Dawn of the Disney
My first trip to the wonderful world of Disney was in the summer of 1986. I have vague recollections of a rented pale blue Chevrolet hatchback, giving my mother the silent treatment for not buying me a chocolate sundae, and an extravagant dinner in Cinderella's Castle where I got to meet the princess herself.
My second experience was in 1993. My great aunt Anna treated me and my mother to a vacation during which we pushed her around the theme parks in a rented wheelchair. She later accused us of trying to kill her by breathlessly running her around in the Florida heat and humidity. She drove us crazy to the point where we fantasized about the untimely collision of her runaway wheelchair with an oncoming Snow White tram.
1998 saw me, fresh from high school graduation, flying down to see Mickey and friends once again, this time with the parents, my aunt and uncle, and my cousins. Torrential rain in Epcot. My father falling asleep during a 3-D Muppet attraction. My mother playing a ghost as a volunteer in an audience-participation special effects show...These were just a few memories taken from that summer.
Now, twenty years after my first encounter with the Mouse, October 2006 will go down in the Disney World history books as the time I saw a friend I've known since kindergarten take a giant leap into adulthood by tying the knot in a chapel across the lake from the Magic Kingdom.
The Fairy Tale Wedding ceremony took place in the Wedding Pavilion at the Grand Floridian Resort. The reception followed at Epcot, underwater at the Living Seas. I'll get to the lavish details later.
First, some things I noticed during my fourth visit to the Happiest Place on Earth...
Much like Vegas, Disney World is that great American destination where one can witness the Great American Fat Ass. If you want further proof that America is the fattest country in the world, feast your eyes on the wonders of the Muffin Top, a term I've picked up from the refreshingly kooky Amy Sedaris, which describes the roll of fat that usually hangs over tight pants or (denim!) shorts. The number of Disneygoers who are warriors in the Battle of the Bulge is astounding. And it certainly does not help that these theme parks offer fried Everything and chocolate-covered Anything at every corner (at ten bucks per serving no less).
My accomodations were supplied by the folks over at the All-Star Movies Resort, or as I like to call it, Disney's Rooms-With-No-View for the Budget Conscious. We were the poor folk housed all the way at the end of the boulevard, beyond the thicket of trees, shoved to the side like a forgotten child, the one with the pool "under construction."
As I stepped off my Disney Magical Express shuttlebus, on which I watched a video showcasing the 893 things I could do and see during my stay, the noise in the hotel lobby hit me - muzak versions of Disney movie theme songs. You can't escape it once you pass the gates of D-World. It's all-encompassing - In the lobby. At the food courts. In the restrooms. On the tram rides. I was itching for the iPod and some new tunes from The Killers.

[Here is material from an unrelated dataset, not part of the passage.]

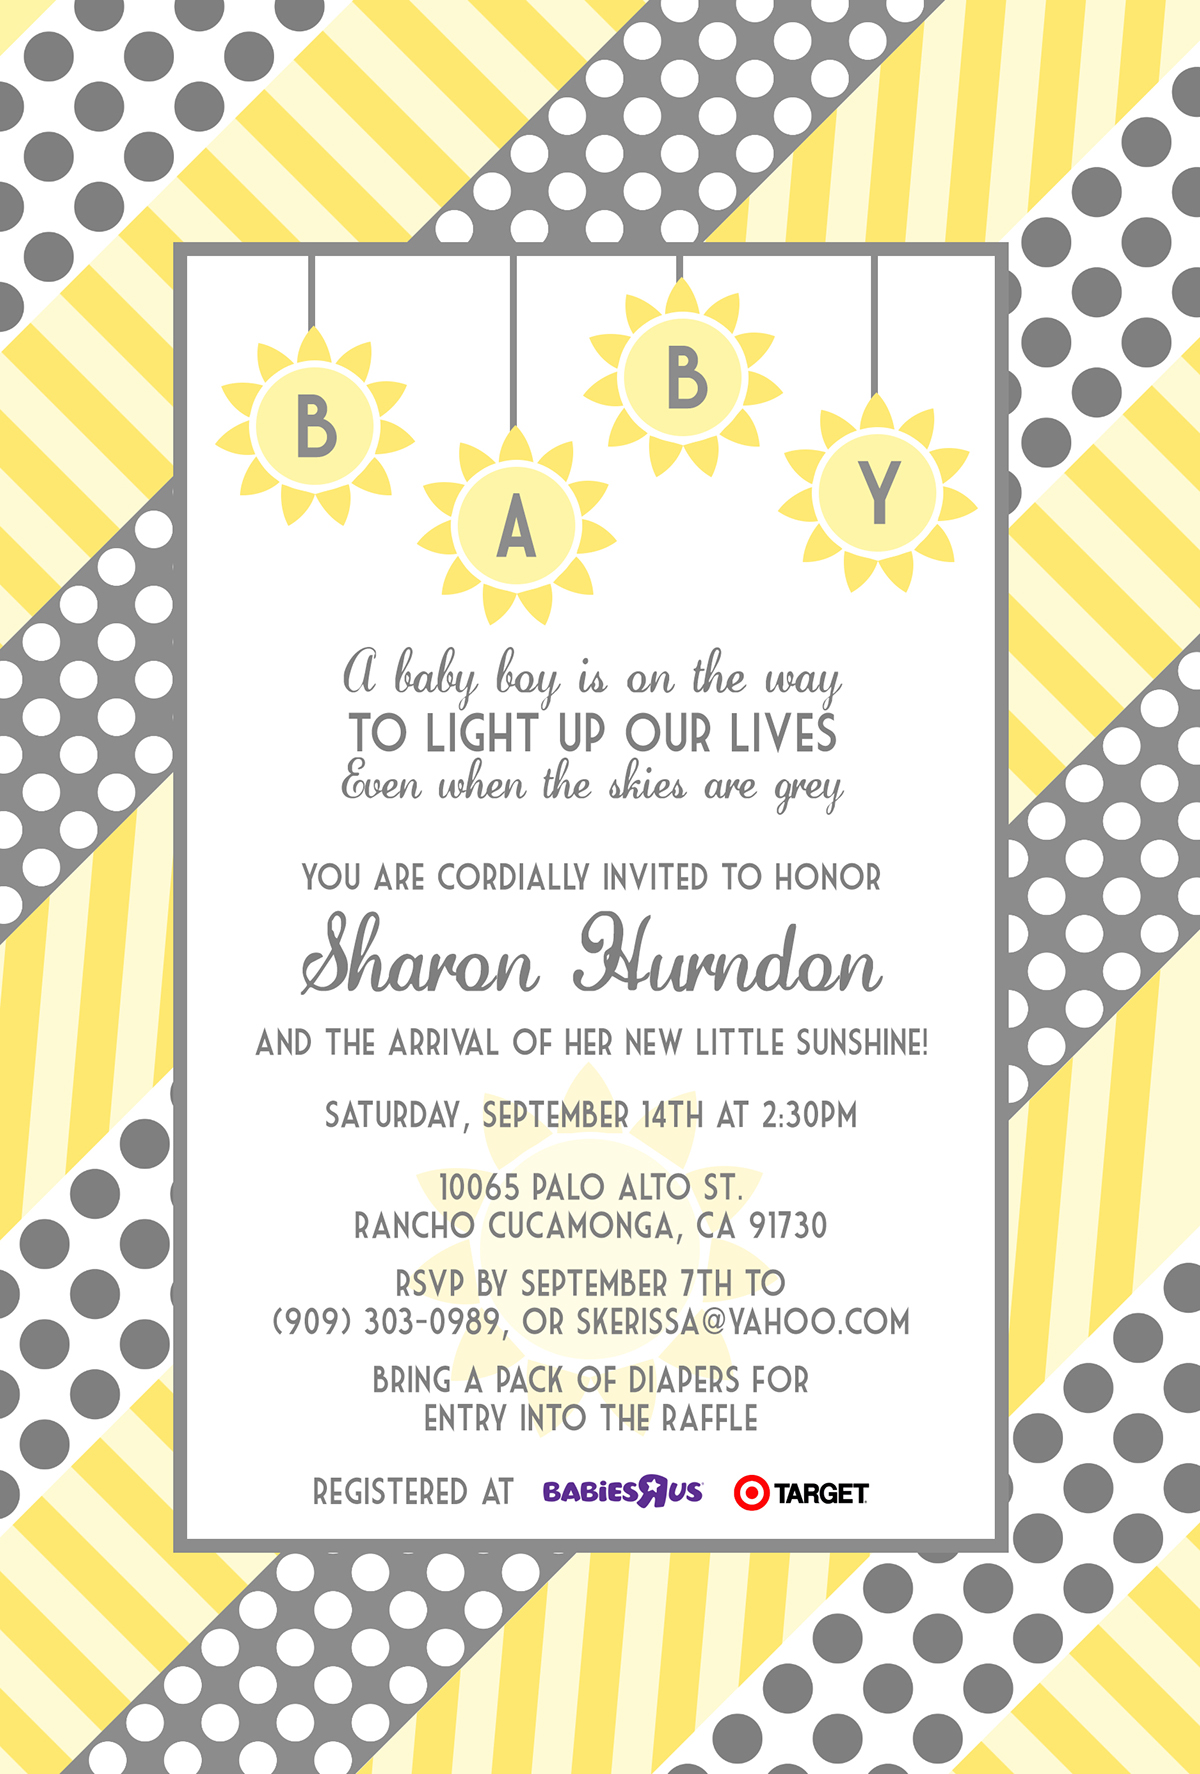 Sharon Baby Shower yellow polka dots grey

Instead, I got "A Whole New World" as my greeting song. And as I write this, it has never left my head.
I checked in at the front desk, where a heavyset cast member with a nametag reading "Jason" ("from Sarasota") asked for my ID. After showing Jason I was "from Los Angeles," I was given a map of the grounds and the card key to my room..."Any questions?"

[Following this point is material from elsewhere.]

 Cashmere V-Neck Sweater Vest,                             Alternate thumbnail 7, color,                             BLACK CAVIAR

"Yes," I answered. "Do you have a gym?"
Jason stopped typing on his keyboard, gave me a brief Are-you-kidding-me? look, and replied with a curt, "No."
As I turned to exit the lobby I could feel Jason's stare on my back and hear his un-Disney thoughts: "L.A. freak."
On the way to the room I stopped by the resort's gift shop to see what overpriced treasures it had to offer: Pirates, pirates...and more pirates (Damn you, Jerry Bruckheimer). I'd like to meet the person who thought placing coolers of beer and wine in the rear of the shop was a brilliant idea. Now Dad can get drunk, hit on the underage princesses and piss off Mom on the way to the Animal Kingdom! Or maybe Grandma can load up and make indecent gestures at Aladdin...who knows?
The resort was pleasantly modest. We stayed in the cute Love Bug complex, complete with Herbie parked out front for photo ops. Once I dumped my luggage onto the bed I flipped on the TV to discover that half the channels were Disney-themed. Radio Disney. The Disney Channel. Adult Disney (kidding...imagine?). If I had seen any more footage from the Hannah Montana concert special while channel surfing I was going to run outside and decapitate the Donald and Daisy statues in the garden.
A visit to Downtown Disney's Pleasure Island was on the schedule for Friday night. I met up with Susan, the bride, and Scott, the groom, and their group of friends outside the ticket booths for the clubs. Drinks in hand, we bought our tickets to the nearest venue. Mannequins Dance Palace is a large warehouse-type known for its rotating dance floor and sweet cocktails. We spun 'round like a record to Jessica Simpson and Christina Aguliera remixes that would make any circuit party boy scream.
Slightly hungover on Saturday morning, we rode a Disney Transport bus to MGM Studios. There, I enjoyed the brand-spankin' new security procedures the parks have recently adopted. Not only do they scan your park pass and check your bags at the turnstiles, they take an imprint of your index finger using a device straight from the "CSI" prop room. Just as I was expecting a retinal scan to follow, I was ushered into the park. I watched moms and dads behind me go through the same terrorism-proofing (because God forbid the terrorists blow up Mr. Toad's Wild Ride). Our integrity and identities as Americans will just be shattered to pieces if Osama ever struck terror in the hearts of every rider on Honey I Shrunk the Audience.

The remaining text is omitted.